# [YOUR ASSIGNMENT]
Retype exactly the lines of the listing below from the one with "Groom taking off" through the last, both included, and leave every picture out.

Start of DATASET EXTRACT

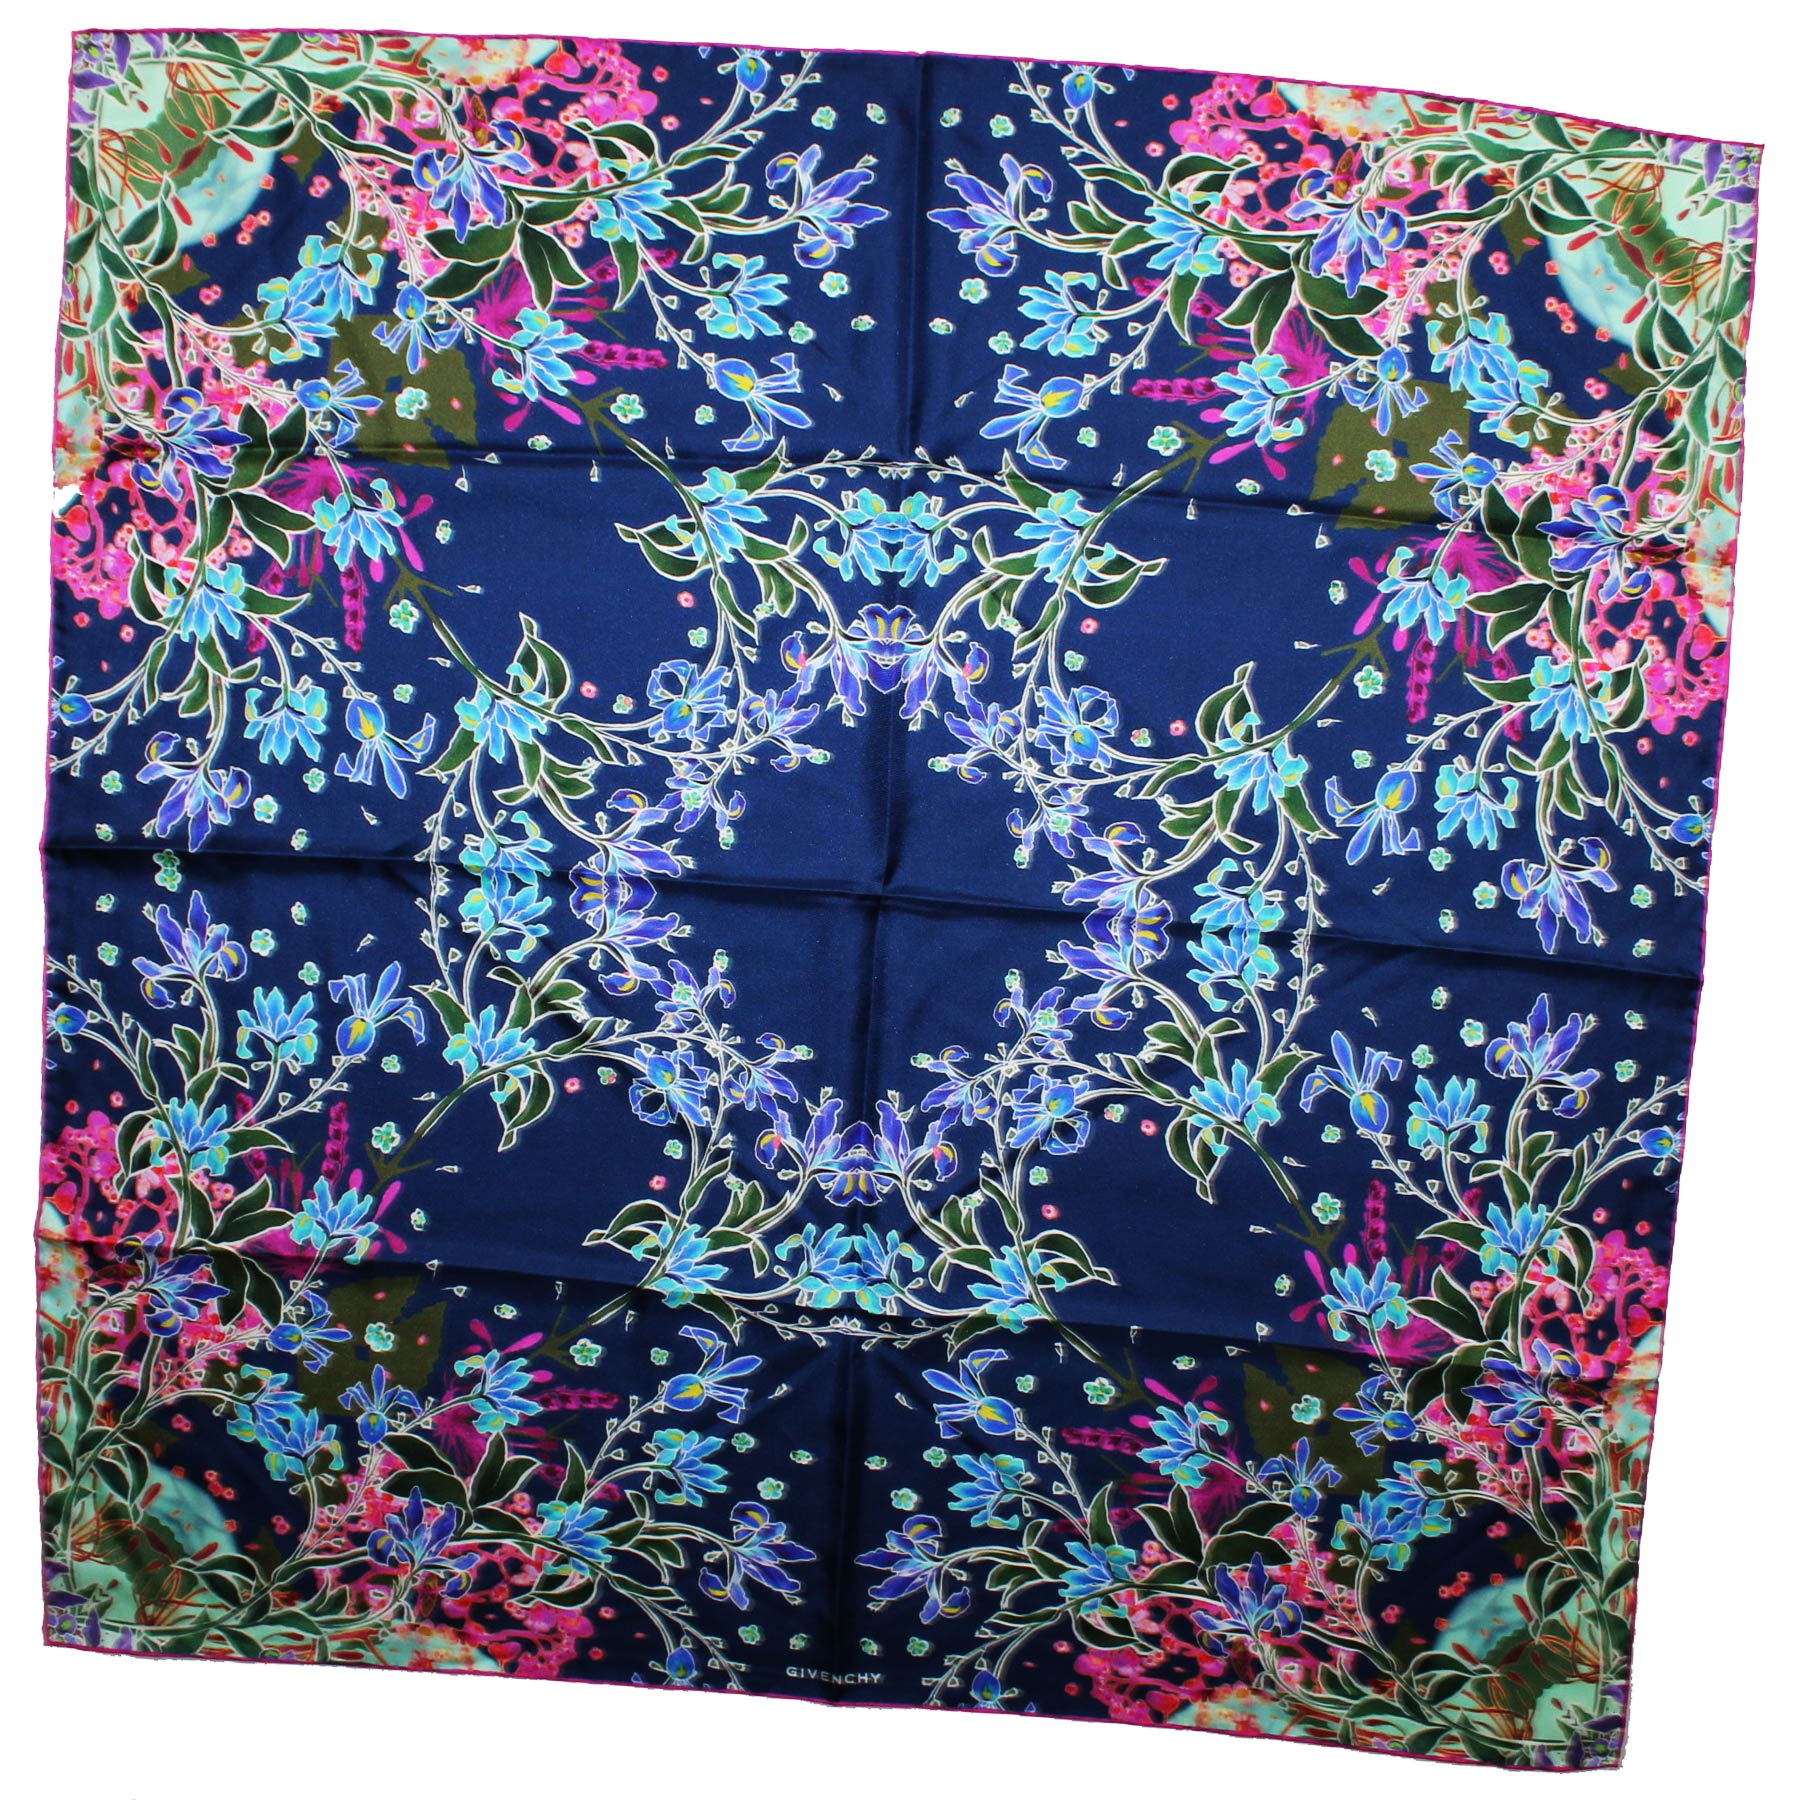 Givenchy Scarf Green Blue Pink Floral - Large Square Twill Silk Scarf
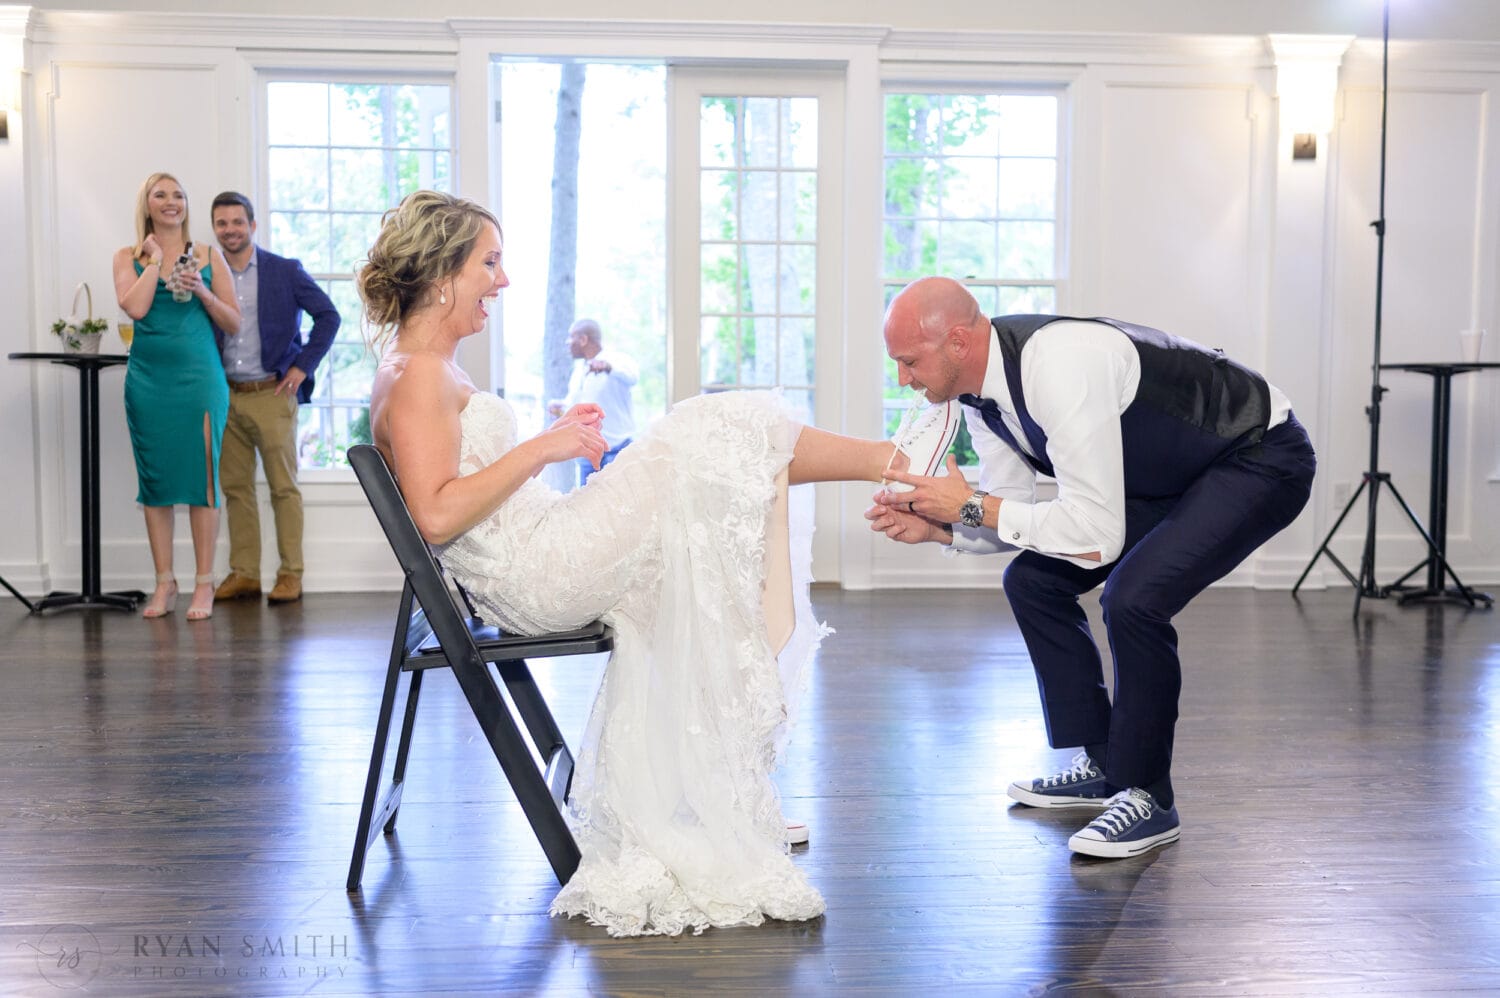 Groom taking off the garter - The Village House at Litchfield
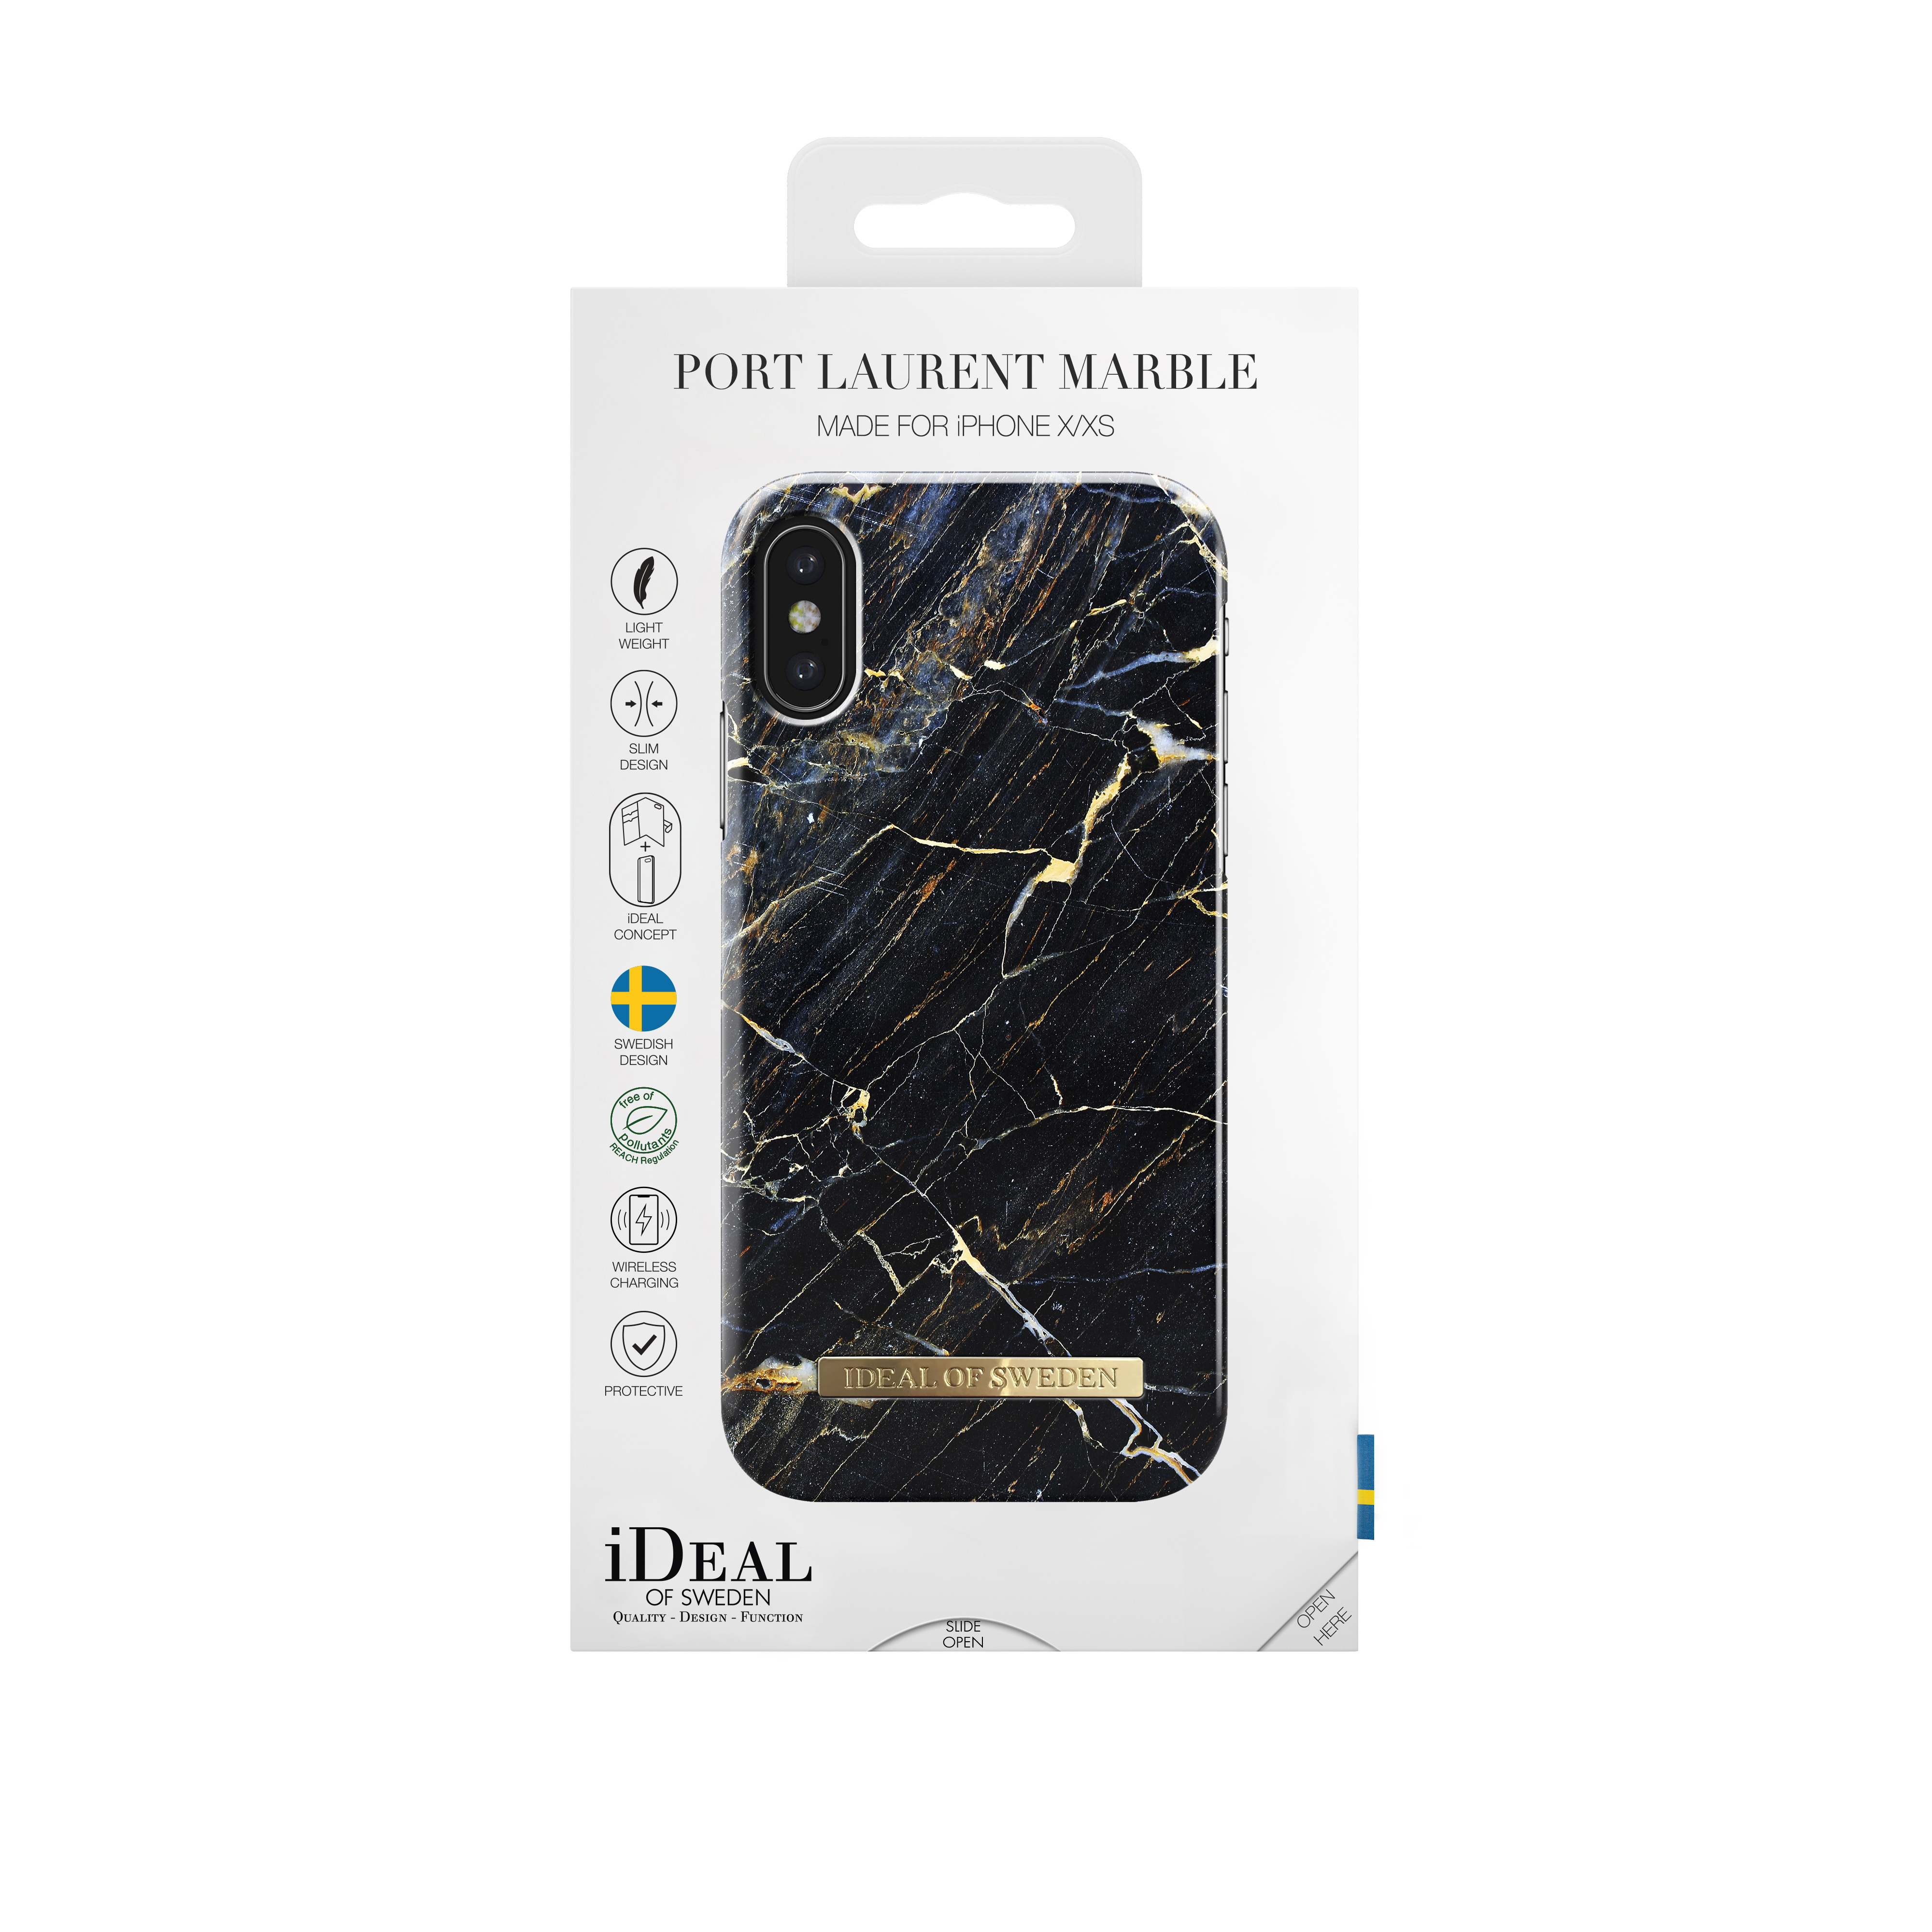 IDEAL OF SWEDEN IDFCA16-IXS-49 FASHION iPhone Backcover, MARBLE, X XS X, Laurent Marble - XS, Apple, iPhone CASE IP Port

End of DATASET EXTRACT

# [WRITTEN RESPONSE]
 Groom taking off the garter - The Village House at Litchfield
 IDEAL OF SWEDEN IDFCA16-IXS-49 FASHION iPhone Backcover, MARBLE, X XS X, Laurent Marble - XS, Apple, iPhone CASE IP Port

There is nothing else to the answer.